Shadow Artificial Intelligence (AI) data breaches are costing companies an extra $670,000 per incident on average, states a recent report by IBM. Shadow AI refers to AI tools used without authorization by a company’s employees. These breaches carry a higher financial impact than standard ones.
Shadow AI is a rising concern in the fintech sector. Employees often turn to unauthorized tools to speed up their tasks. Yet, this exposes companies to greater security risks. Unregulated AI use can result in data breaches, leading to severe financial and reputational damage for businesses.
Indeed, IBM’s report aligns with recent data from a survey by Cybernews. The survey shows that 59% of companies have suffered data breaches due to shadow AI use.
The Real Expense of Shadow AI
The financial burden of a shadow AI data breach is immense. Companies bear an extra $670,000 on average per incident. This cost is in addition to the usual expenses related to standard data breaches, significantly increasing the total financial impact.

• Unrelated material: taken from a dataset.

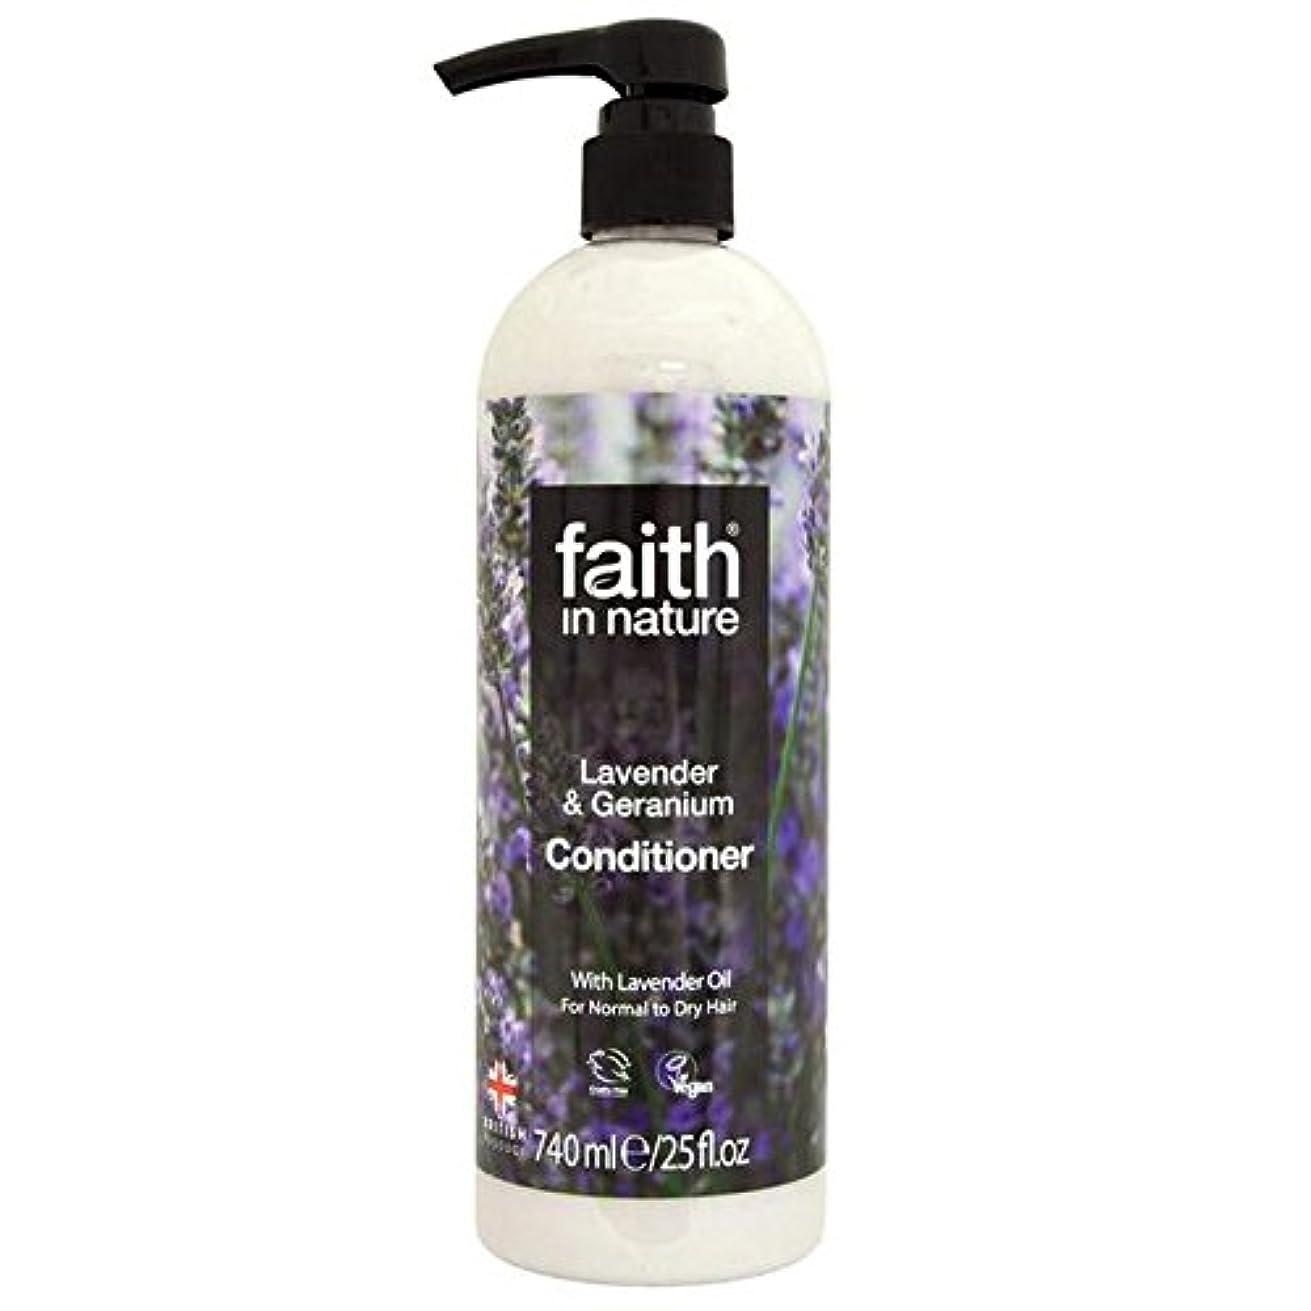 スティック忌み嫌うパターンFaith in Nature Lavender & Geranium Conditioner 740ml (Pack of 6) - (Faith In Nature) 自然ラベンダー&ゼラニウムコンディショナー740...
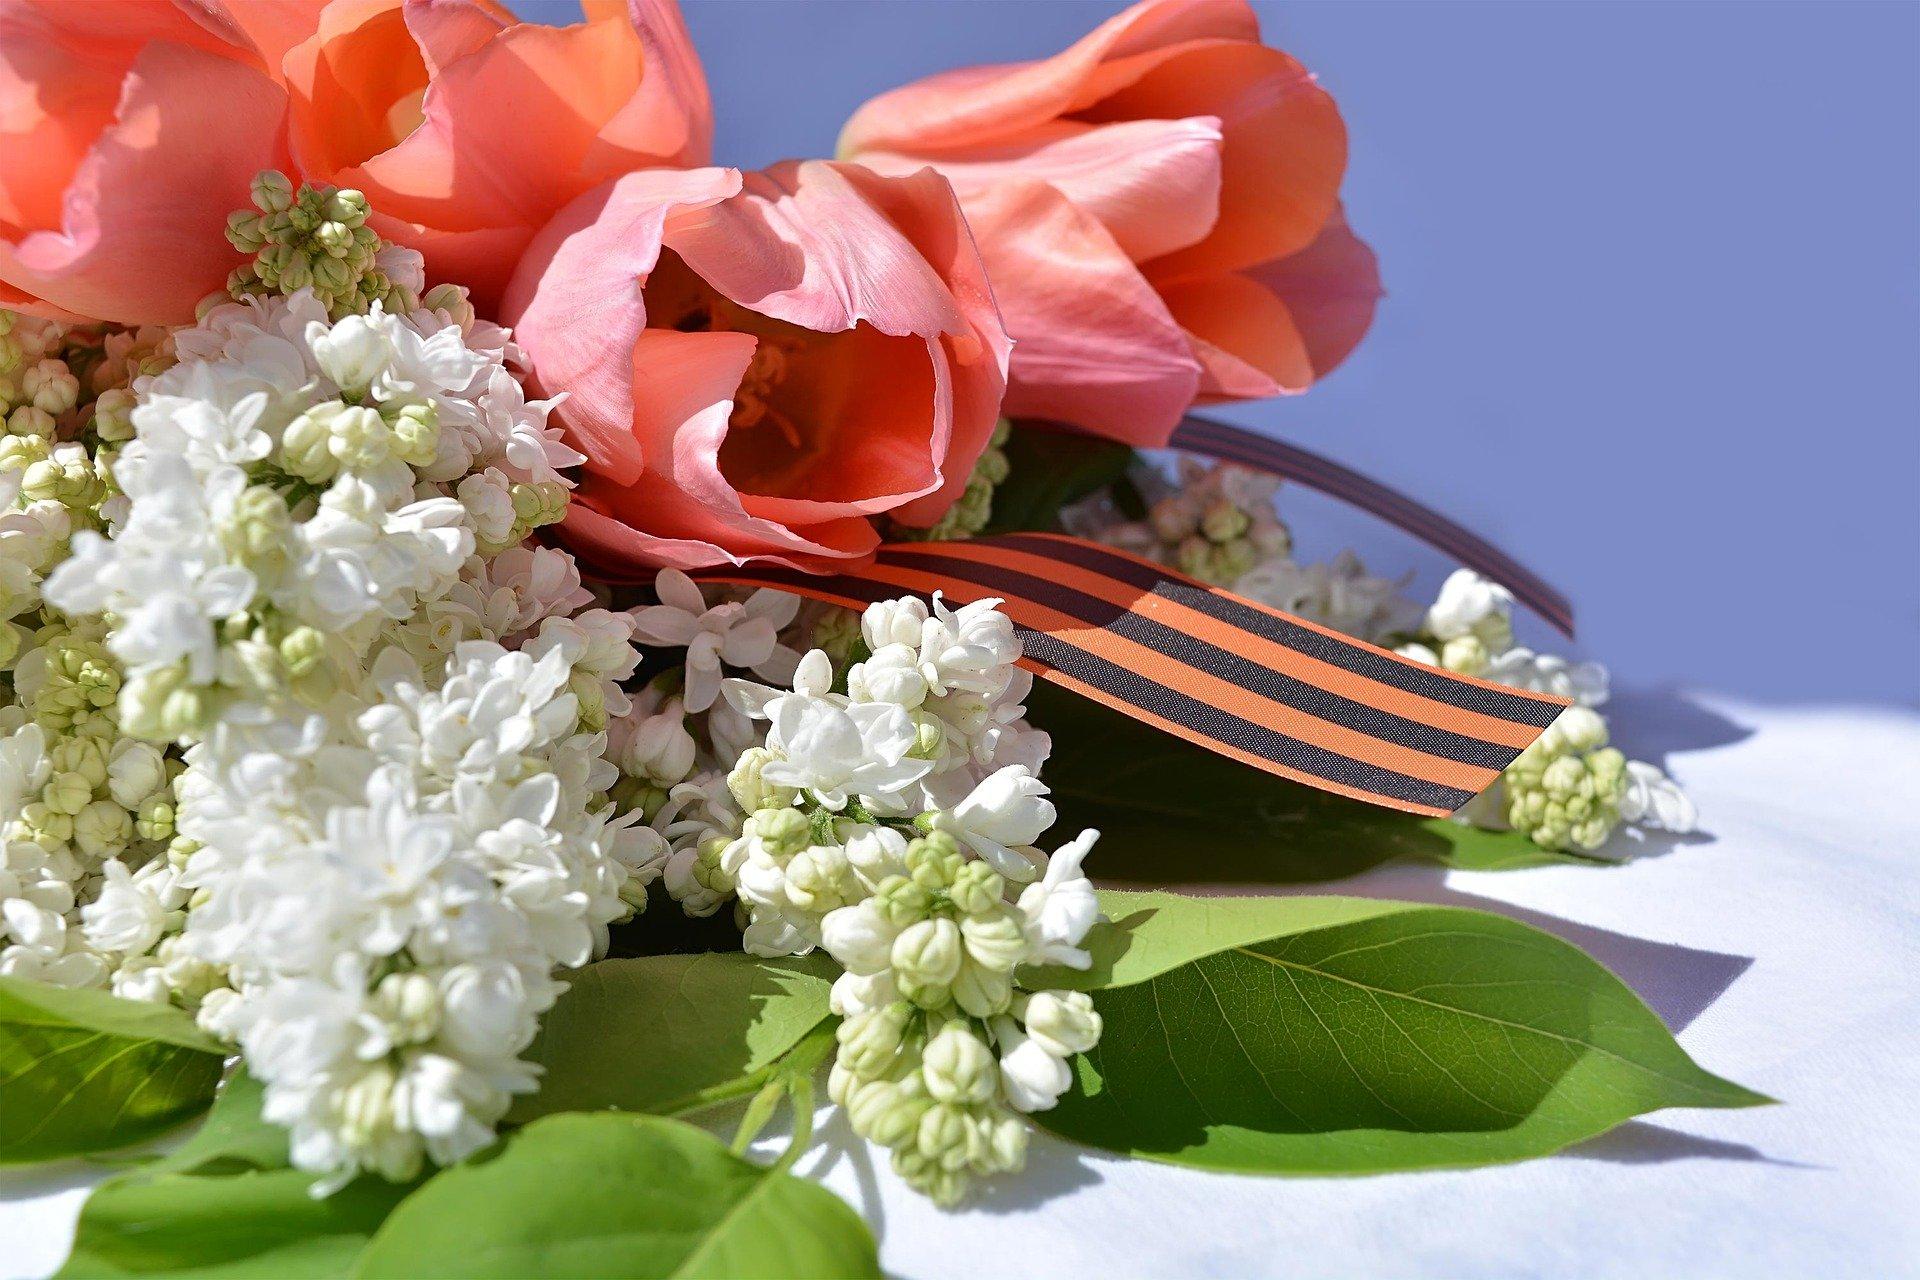 27 апреля на Кубани стартует Международная акция «Георгиевская ленточка»

Several factors contribute to this increased cost. Firstly, the detection and mitigation of shadow AI breaches often need specialist skills and resources, raising operational expenses. Secondly, unauthorized AI tool use can cause more extensive data breaches, potentially impacting more customers and leading to higher compensation payouts. Lastly, the reputational harm from these breaches can result in a loss of customer trust and revenue.
These findings highlight the need for strong data security measures and strict AI tool regulation within a company. It’s vital for businesses to oversee their employees’ AI tool use and ensure they’re used securely and with authorization. This proactive strategy can safeguard companies from the expensive fallout of shadow AI data breaches.